Today is the 100th anniversary of the International Women’s Day (IWD), a day set aside to celebrate the economic, political and social achievements of women and their contributions towards making the world a better place. It is also a day to highlight the challenges that women still face. My focus today is on African women, their achievements and contributions in the past 100 years and the challenges they still face.
The first IWD was celebrated in Austria, Denmark, Germany and Switzerland in March 1911, when most African countries were still colonized and no one publicly celebrated African women or their achievements. African women have experienced a lot of forward movement since then, even though they are yet to fully achieve their economic, political and social goals.
Economically, more women now have access to funds to help them launch small and large businesses than they did 100 years ago, largely as a result of Microfinance opportunities. A greater number of African women have become entrepreneurs, continuing in their role as the backbone of society. Nevertheless, women still have less access to financial resources than men do and, all over the world, career women are still paid less than their male counterparts for the same positions.
There have been some gains in the political arena as well. Ellen Johnson Sirleaf became Africa’s first elected female president when she was declared the winner of the 2006 presidential race in Liberia. In Rwanda, women make up more than half of the Members of Parliament, a feat that has not been accomplished by any other country in the world. Generally, most African countries have now made it possible for women to run for political office, even though there are still far too few women in government. Some countries have even created cabinet ministries that are focus on women’s and children’s issues. Still, the political playing field is often far from level for women, and large swaths of the electorate in different countries still hold to the opinion that men make better political leaders.

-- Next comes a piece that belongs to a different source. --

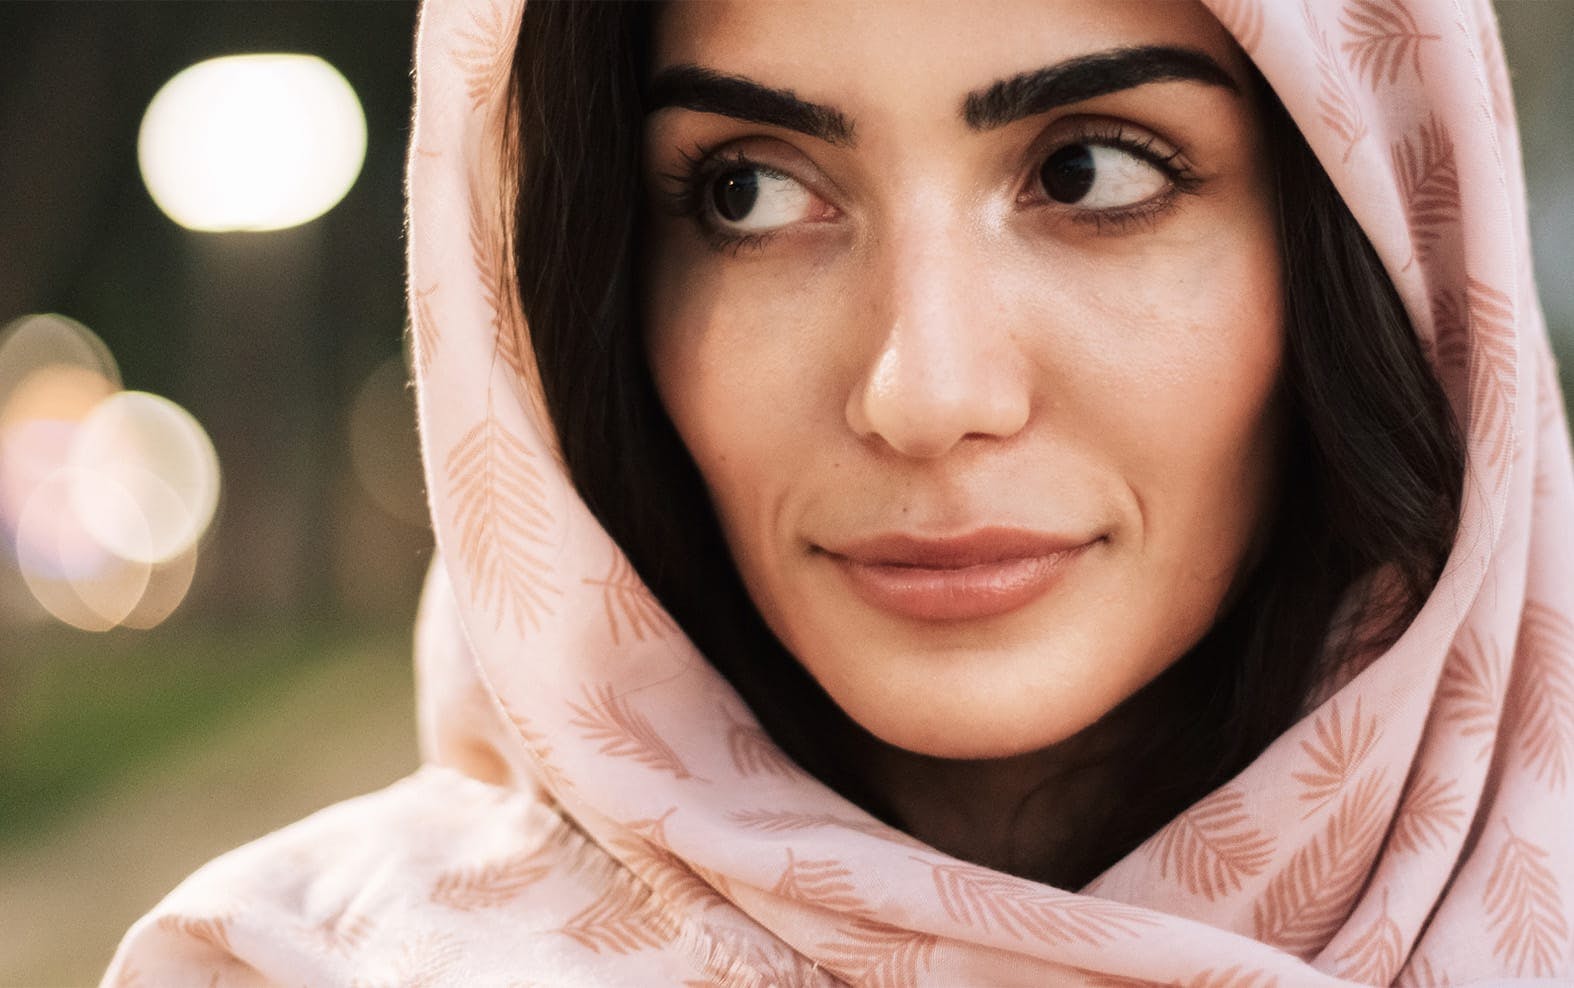 Woman wearing a pink head scarf
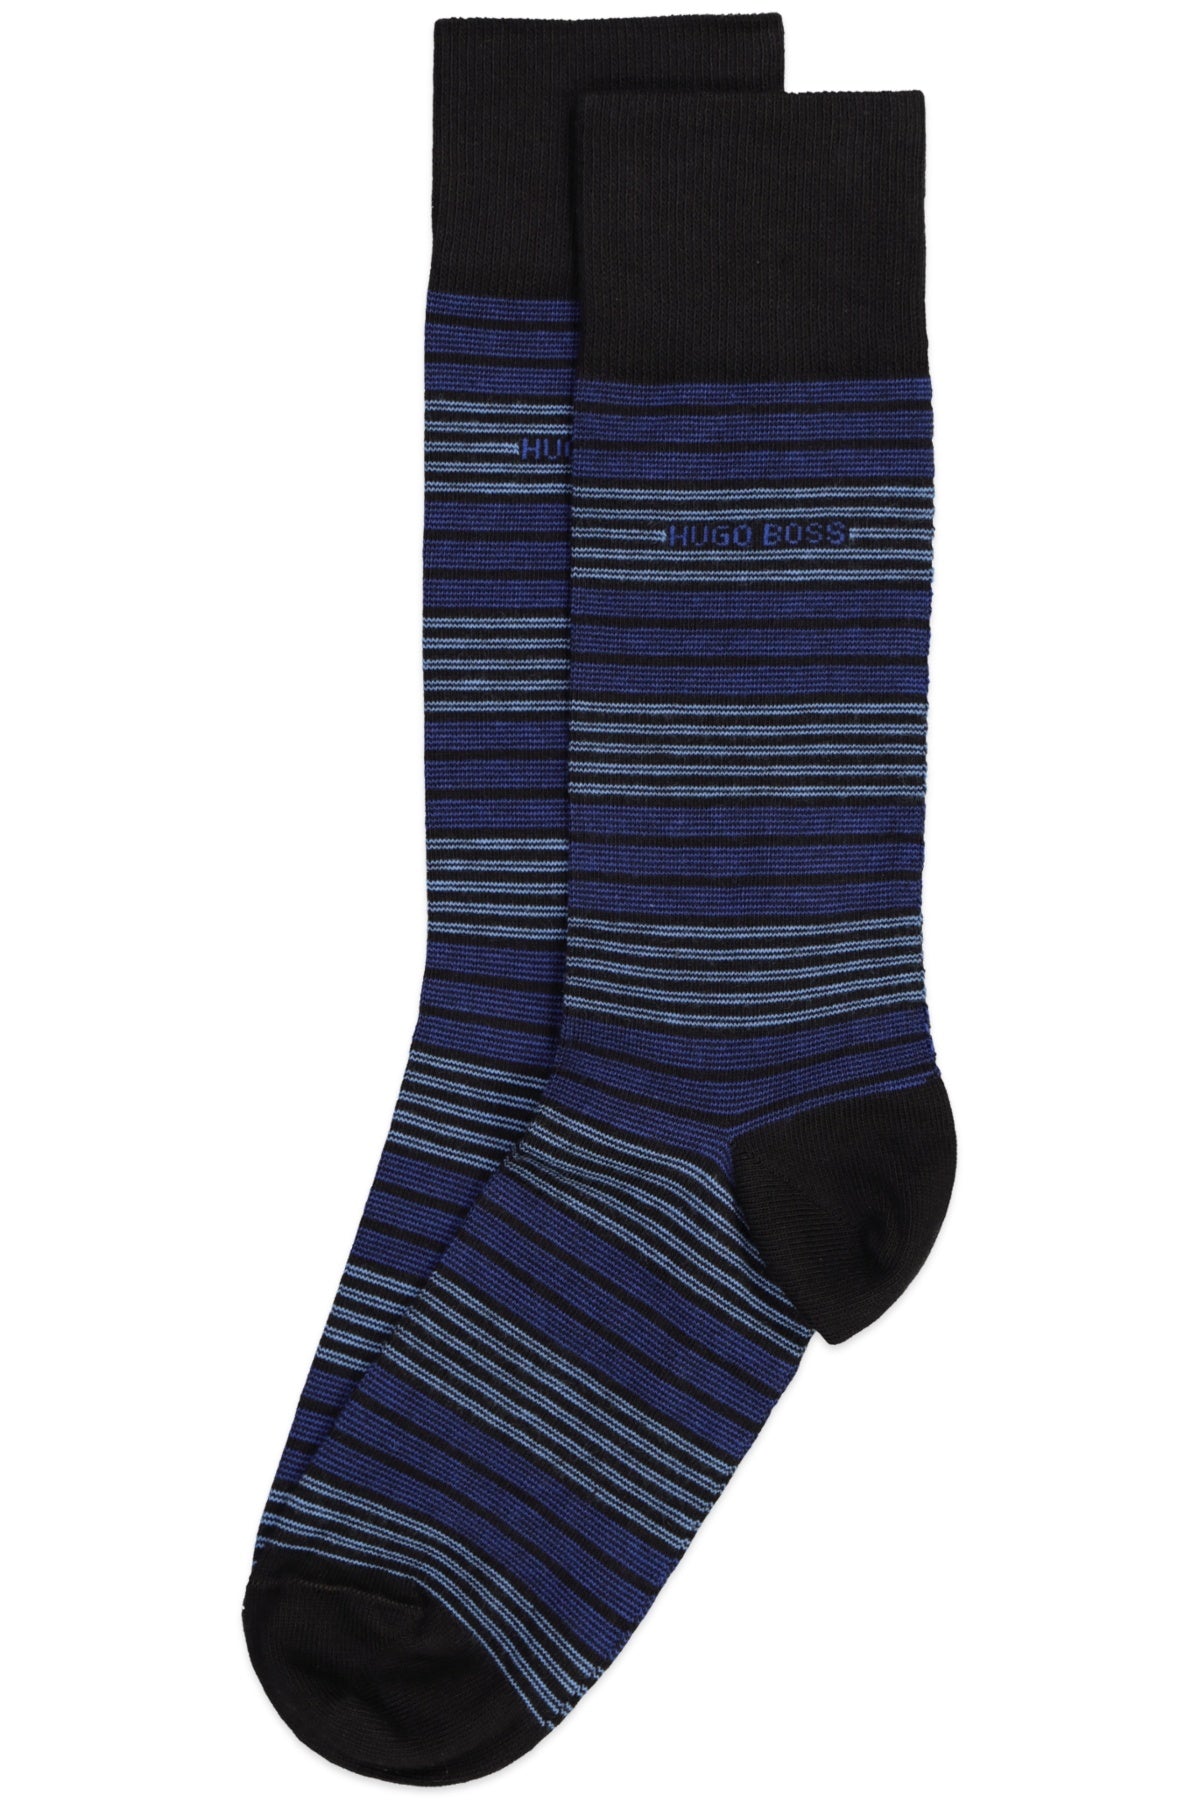 Hugo Boss Royal & Navy Stripe Combed Cotton Sock

When it comes to social achievements, African women have made a few gains. Kenya’s Wangari Maathai, for example, won the Nobel Peace Price in 2004 for her efforts in “sustainable development, democracy and peace.” Maathai has given most of her adult life to bettering women’s social conditions in Kenya, mainly by focusing on reversing environmental degradation. While more African women now have access to education than they did 100 years ago, less than 50% of high school and university graduates are women, hence the 2011 IWD theme of “equal access to education, training and technology: pathway to decent work for women.”
I think African women face the most challenges from social issues because these have more dire effects on women than men. It is widely reported that HIV/AIDS adversely affects disproportionately more women than men in sub-Saharan Africa. In addition, African women bear the brunt of other social problems like gender discrimination, disease, sexual harassment at their places of employment, lack of access to clean water and poverty, among others.
As we celebrate 100 years of forward movement for African women today, let us remain somberly aware of the major strides that need to be taken in order to overcome the challenges that women still face on the continent.